Общество | Официально | Политика | Экономика | Мы и закон | Наука и образование | Потребителю | Здравоохранение | ЖКХ | Культура | Спорт | Память |
Нагрудный знак и удостоверение Почётного гражданина, которых писатель удостоен посмертно, вручены племяннику писателя Алексею Богданову. По нашей просьбе Алексей Алексеевич поделился воспоминаниями, связанными с жизнью и творческой деятельностью своего дяди.
- Алексей Алексеевич, прежде всего хотелось бы узнать, действительно ли родной дядя Николая Владимировича (брат его матери) — легендарный лётчик Васильев.
- Абсолютно верно. Мама Николая Владимировича, Мария Алексеевна (в девичестве Васильева), была родной сестрой легендарного русского лётчика Александра Васильева, совершившего в 1911 году первый в мире перелёт из Петербурга в Москву. Во время первой мировой войны, в 1914 году, он погиб, точнее, пропал без вести. Николай Владимирович пытался узнать обстоятельства его гибели, но так и не смог. Хотел о дяде написать, ведь был он, по рассказам бабушки, человеком необычайной смелости. Участвовал во многих демонстрационных полётах, воевал в Греции, защищая страну от турок.
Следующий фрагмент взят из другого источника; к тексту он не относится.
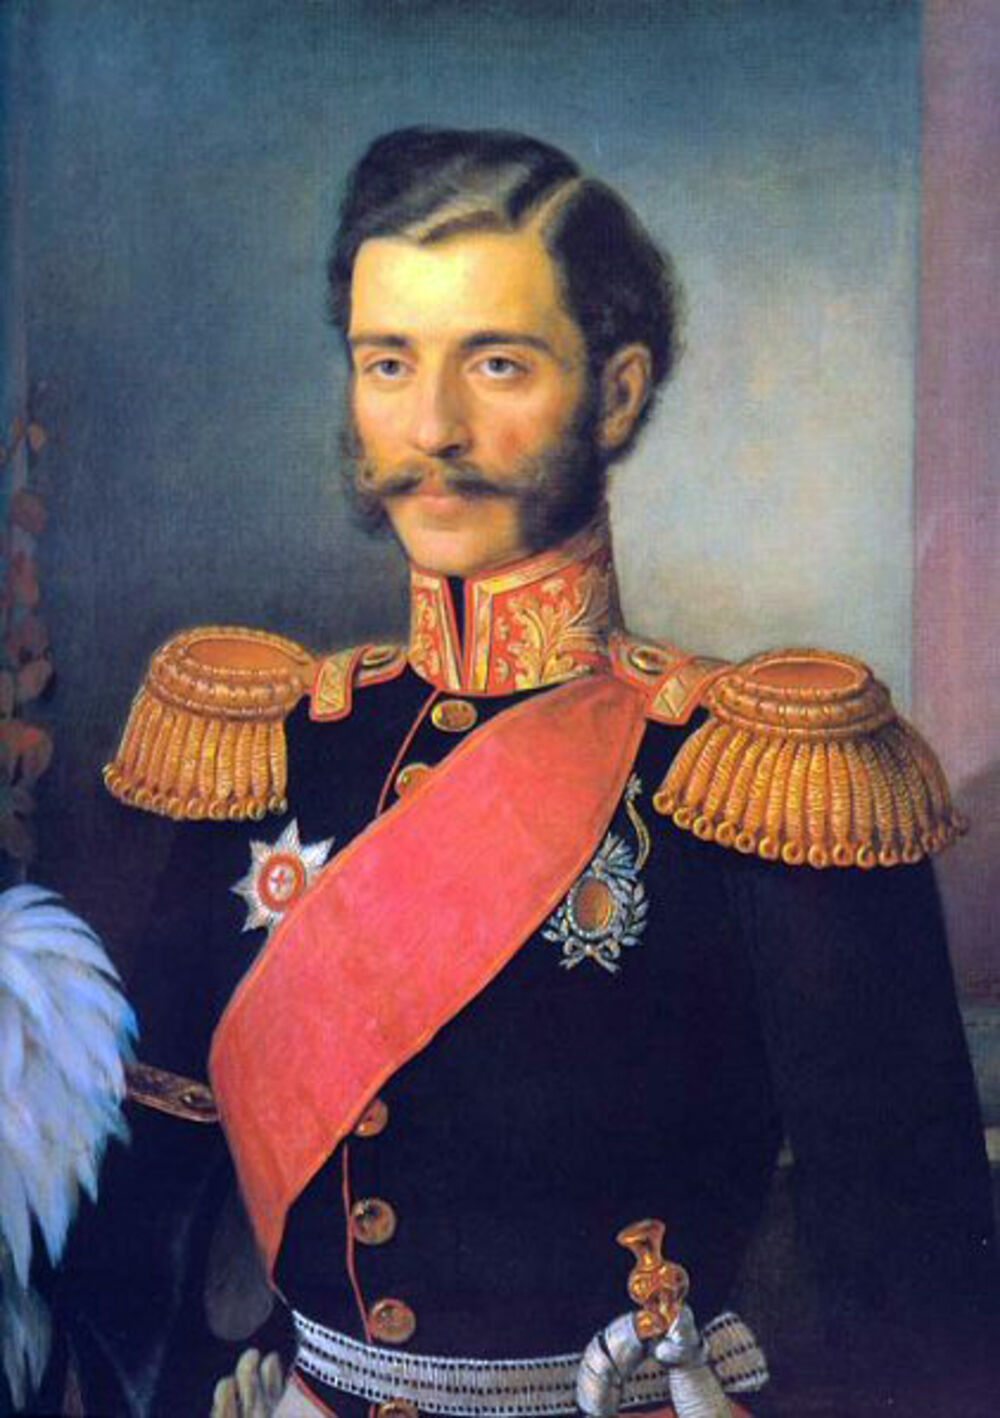 Bogićević je zajedno sa knez Mihailom prebegao na teritoriju Austrijskog carstva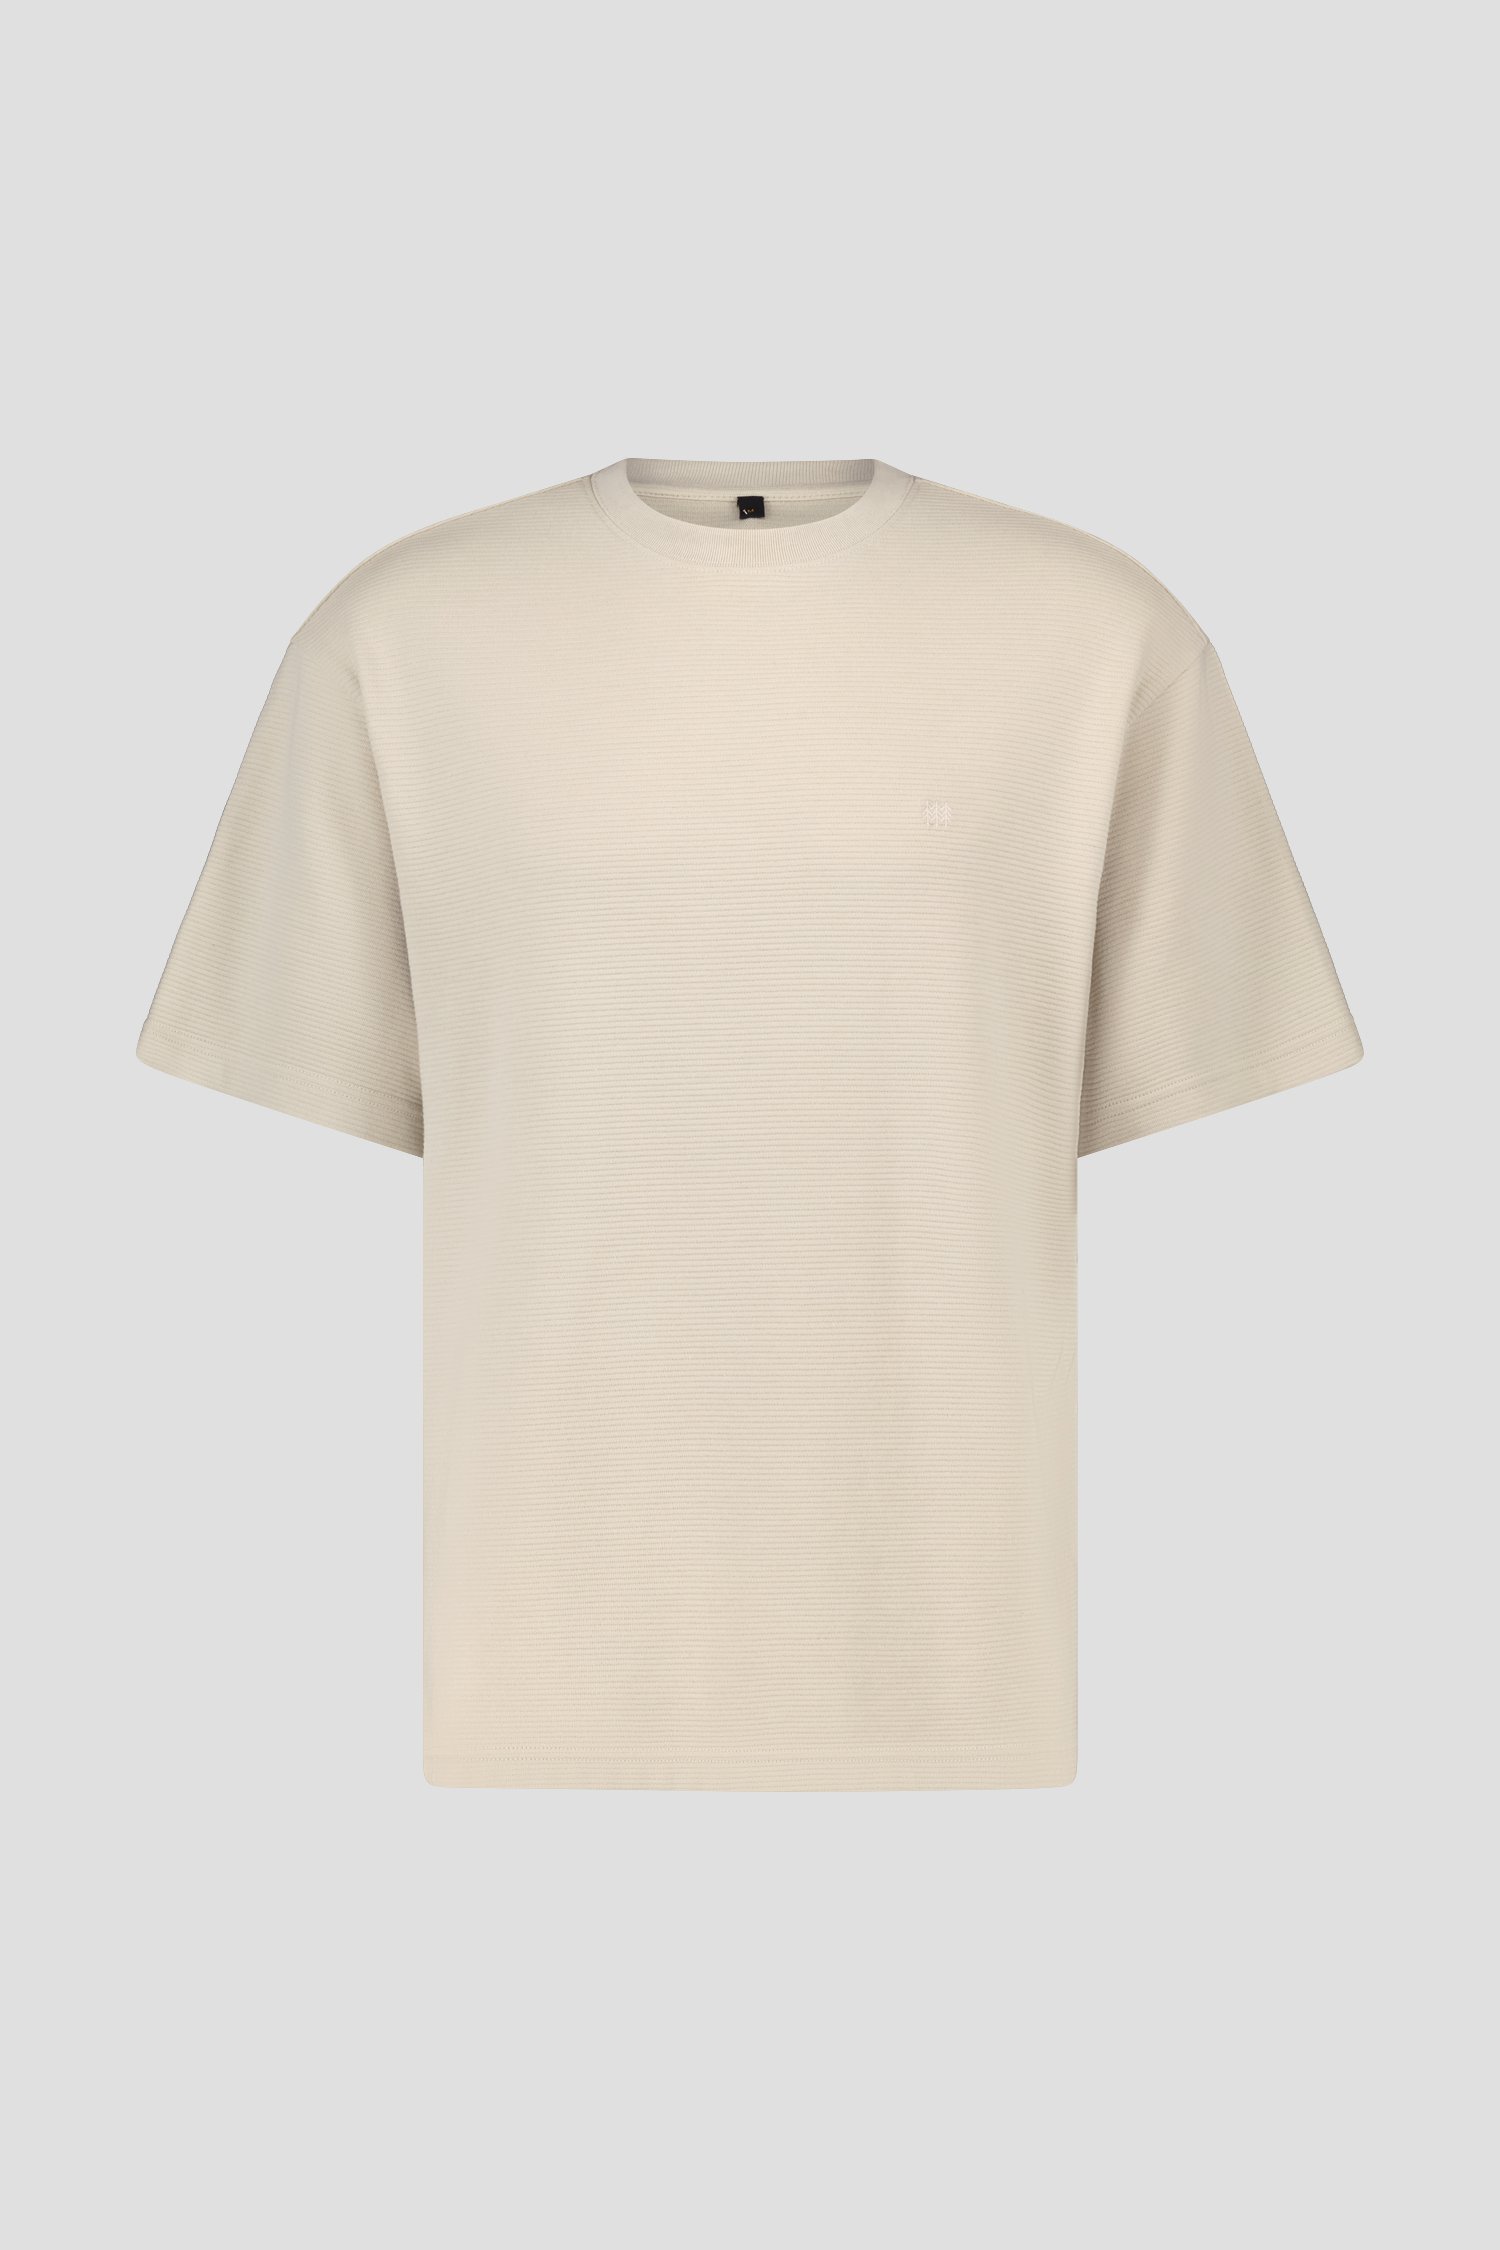 T-shirt beige côtelé - Collection Metejoor de Ravøtt pour Hommes

Но не меньшим его подвигом, по словам Николая Владимировича, было то, что он добился аудиенции у царя Николая II по вопросу создания в России национальной русской лётной школы. Сам он заканчивал знаменитую французскую лётную школу в Ле Бурже. Когда царь его принял, Александр Алексеевич выразил готовность лично содействовать созданию такой школы. Мол, лётчиков в России уже много, но все учились за границей, а нужно, чтобы в своей стране. Да и собственные самолёты России пора бы уже делать, делаем же броненосцы... Царь ответил так: насчёт школы подумаем, а вот самолёты — дело действительно государево.
- Мария Богданова похоронена на старом тарусском кладбище, но почему-то могила Николая Богданова находится не рядом.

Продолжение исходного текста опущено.